§ **Dataset extract**:
*** Block opens ***

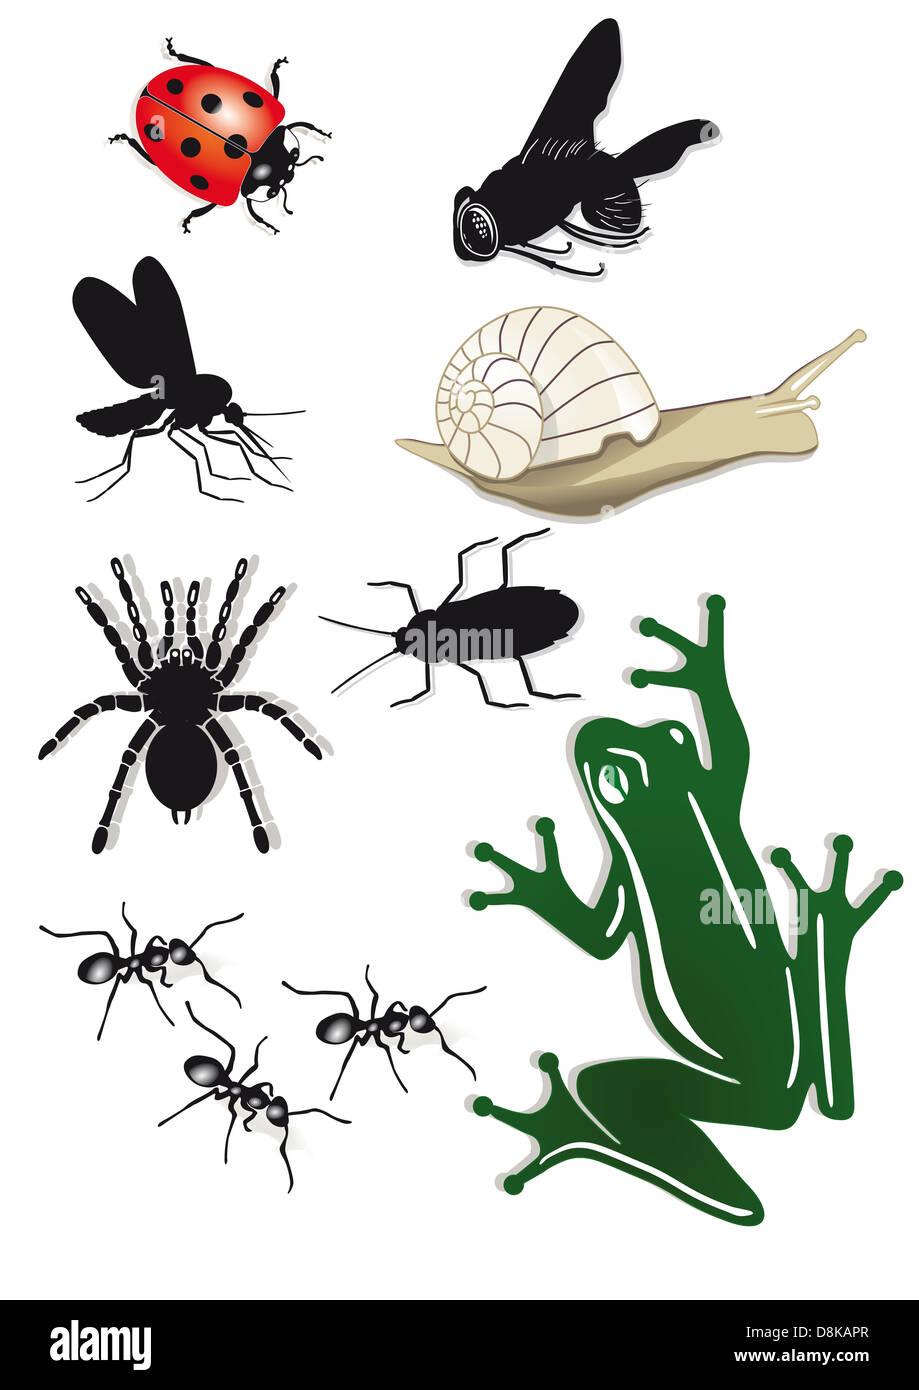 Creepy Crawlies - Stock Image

*** Block closes ***
*** Block opens ***

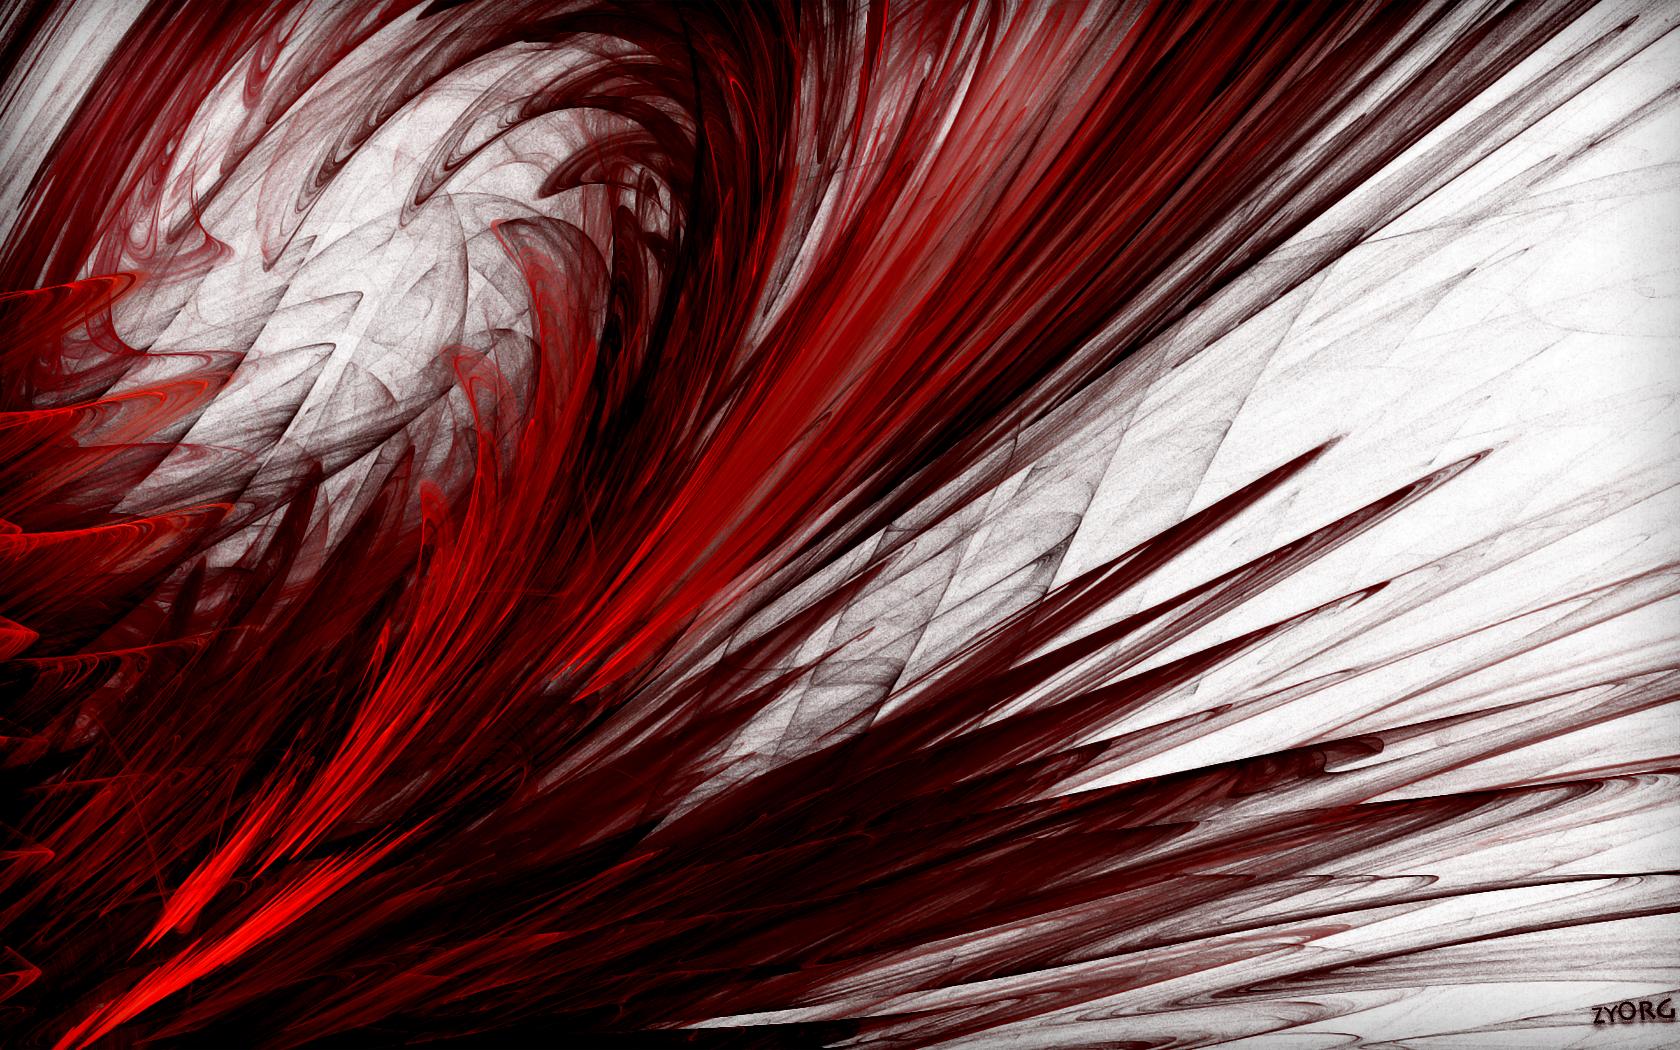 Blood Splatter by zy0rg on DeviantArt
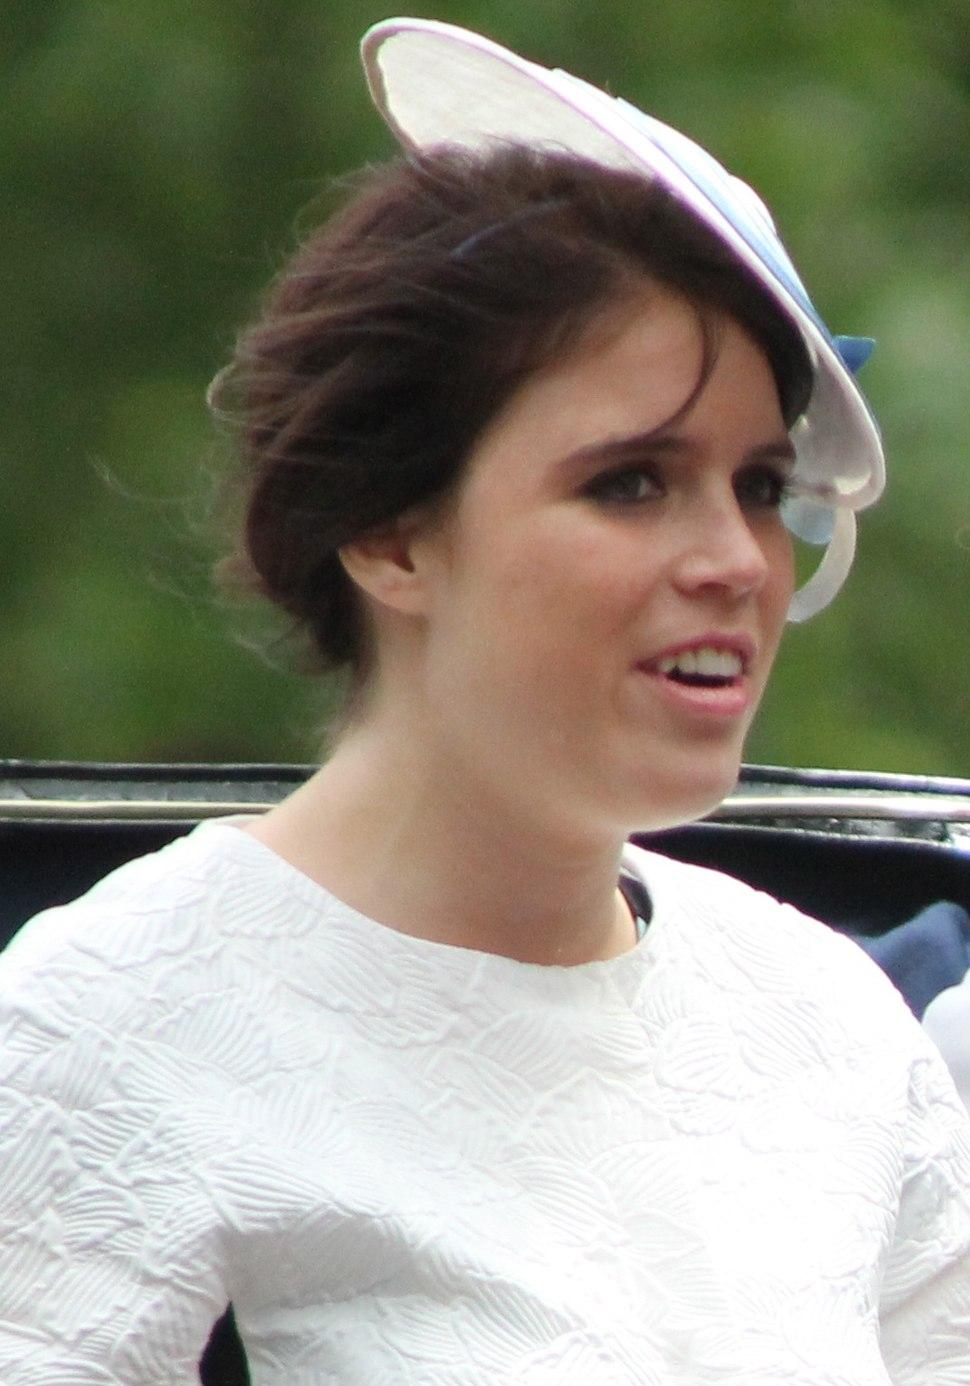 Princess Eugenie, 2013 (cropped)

*** Block closes ***

§ **What is being asked**: With pictures omitted, repeat the entries above word for word from the line holding "Blood Splatter by zy0rg on DeviantArt" down to the line holding "Princess Eugenie, 2013 (cropped)", keeping both of those lines.

§ **Solved exercise**:
 Blood Splatter by zy0rg on DeviantArt
 Princess Eugenie, 2013 (cropped)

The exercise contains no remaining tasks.